▶ _Exercise objective_: From the records below, please print only the lines from the one containing "Schwarz-weißes Gäste-WC mit" through the one containing "10 Antennen WLAN2.4G Jammer", both included. Skip the pictures.

#### Provided material ####

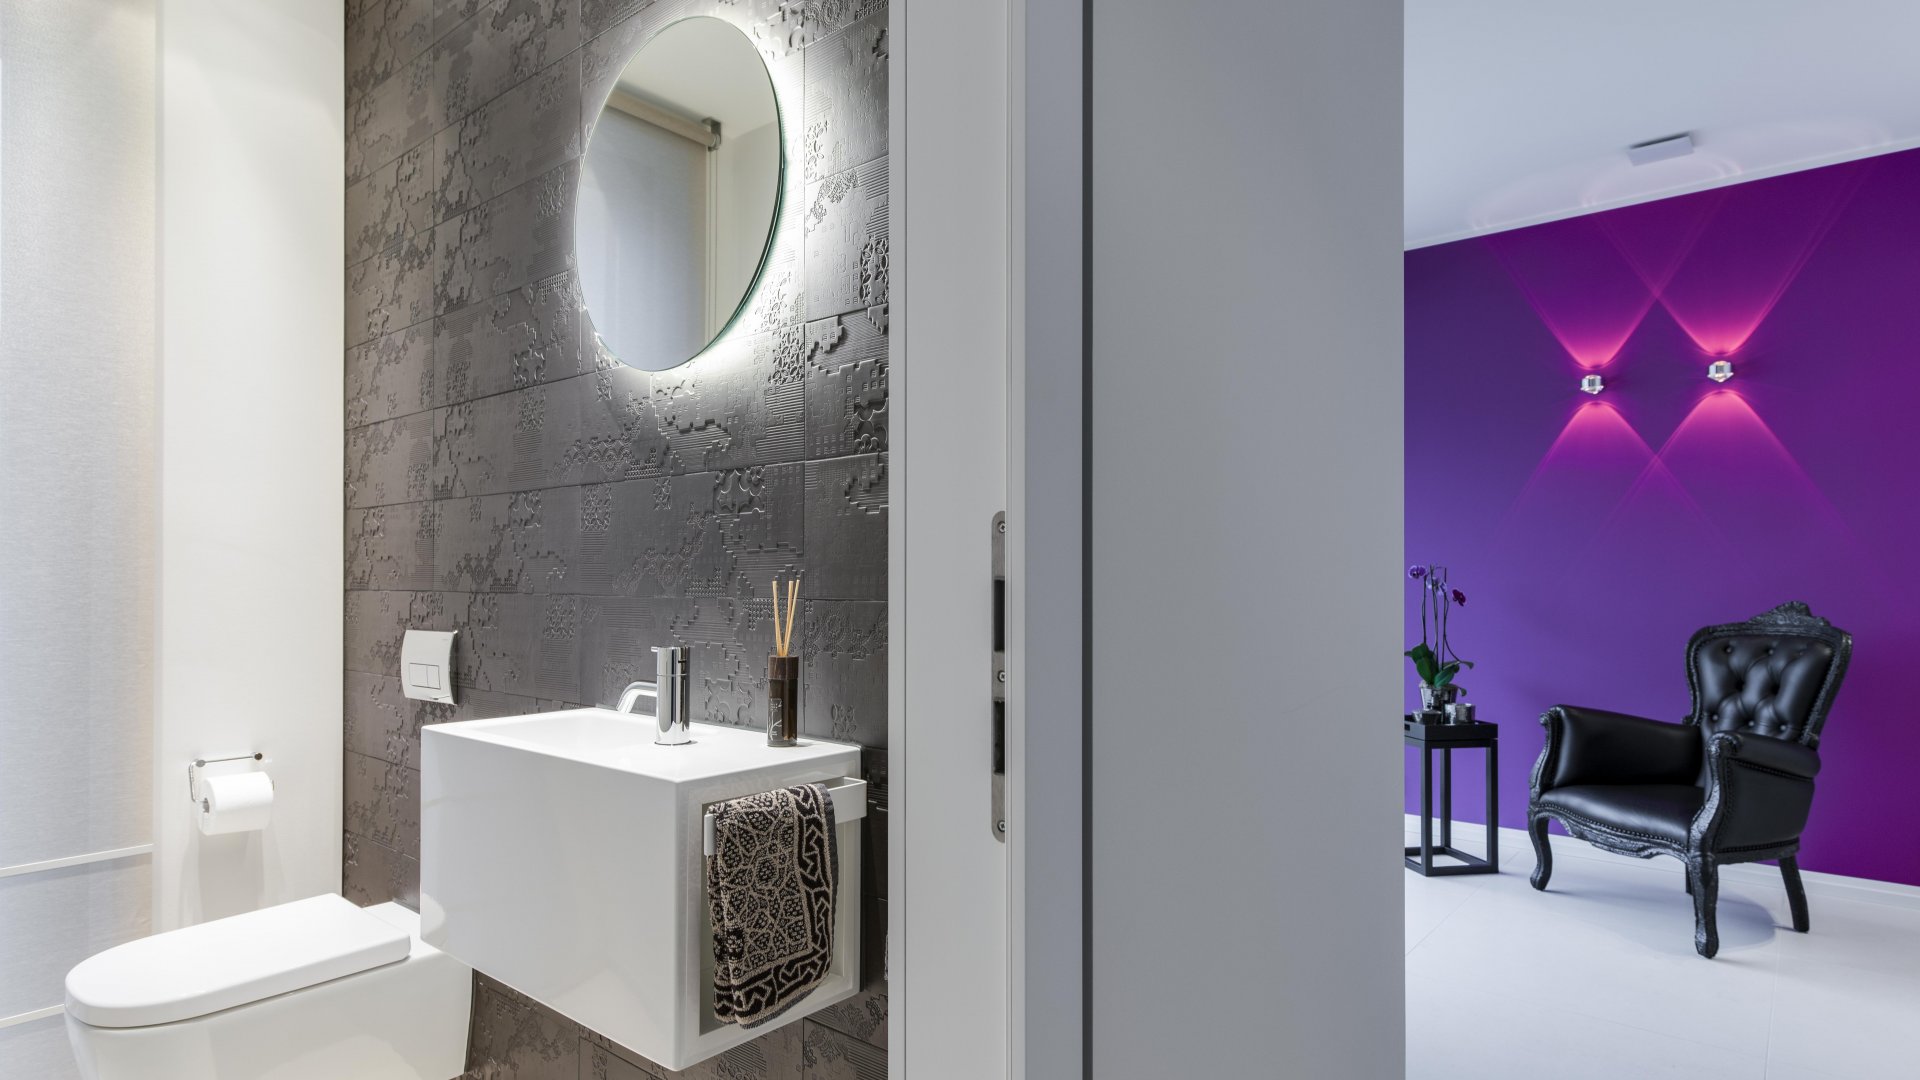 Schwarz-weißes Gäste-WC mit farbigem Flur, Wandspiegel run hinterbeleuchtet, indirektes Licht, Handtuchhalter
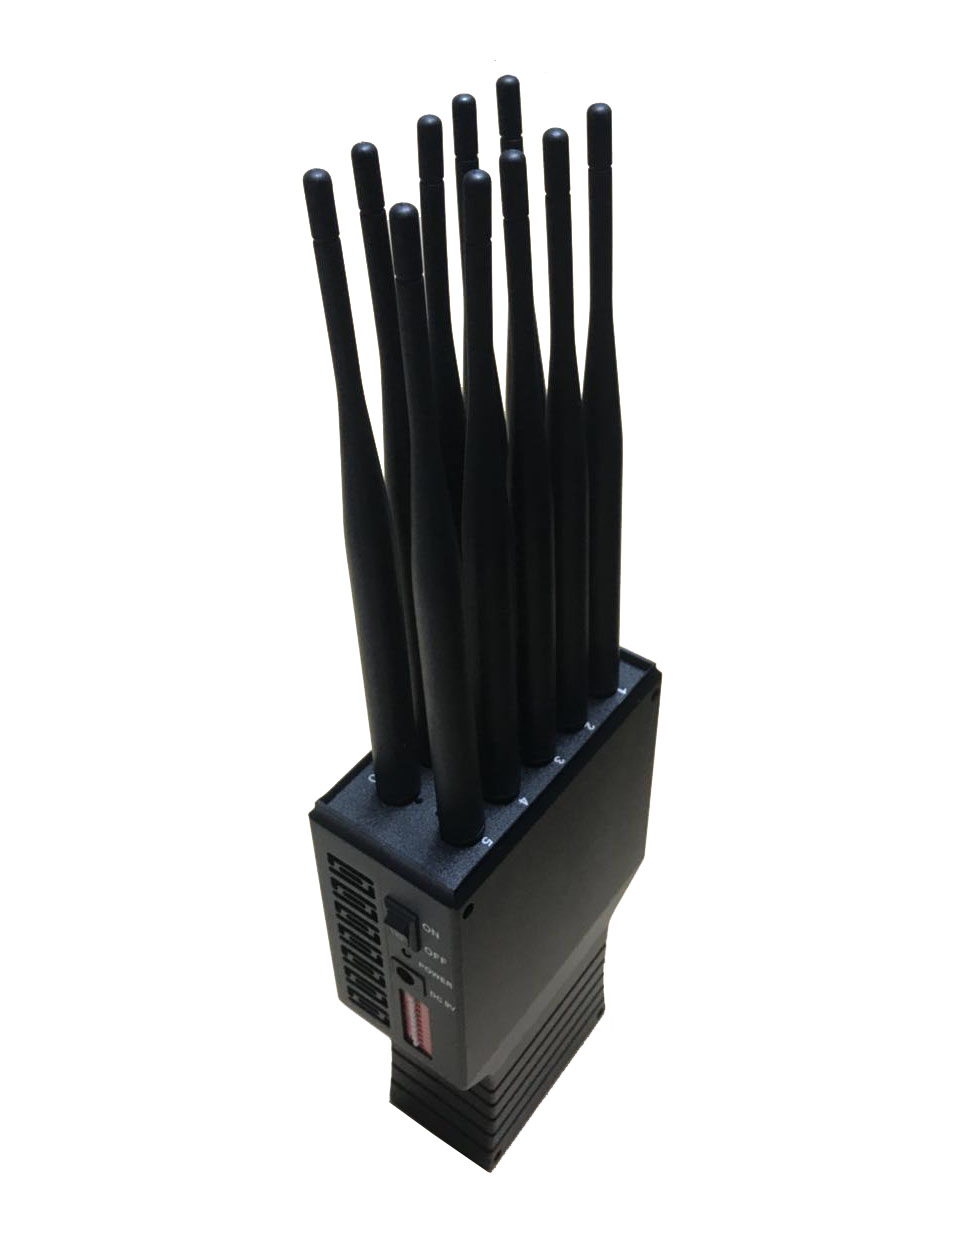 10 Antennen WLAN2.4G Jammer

####
#### Provided material ####

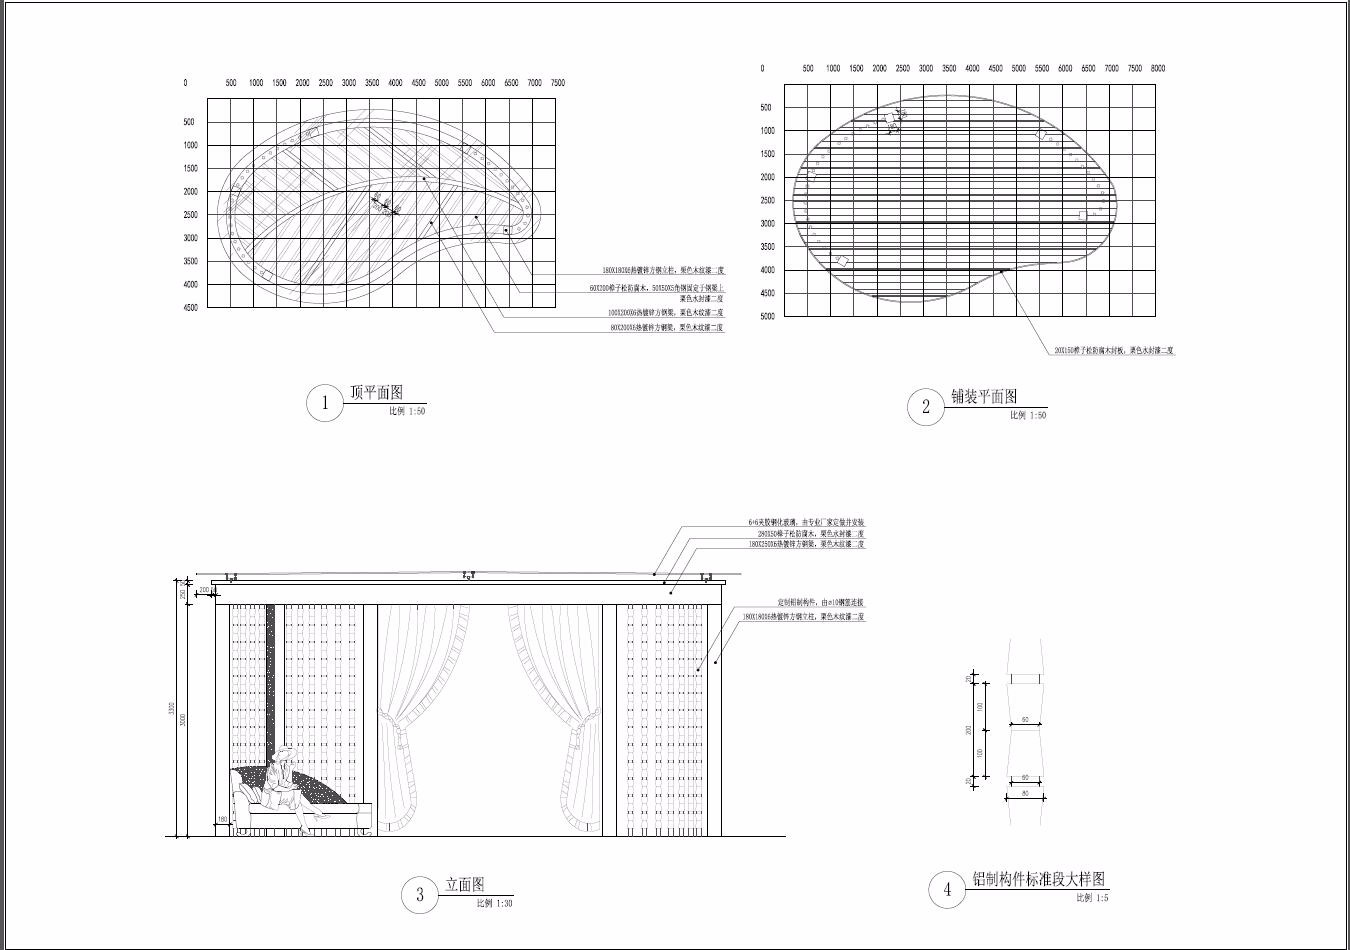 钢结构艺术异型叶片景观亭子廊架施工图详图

####

▶ _Task answer_:
 Schwarz-weißes Gäste-WC mit farbigem Flur, Wandspiegel run hinterbeleuchtet, indirektes Licht, Handtuchhalter
 10 Antennen WLAN2.4G Jammer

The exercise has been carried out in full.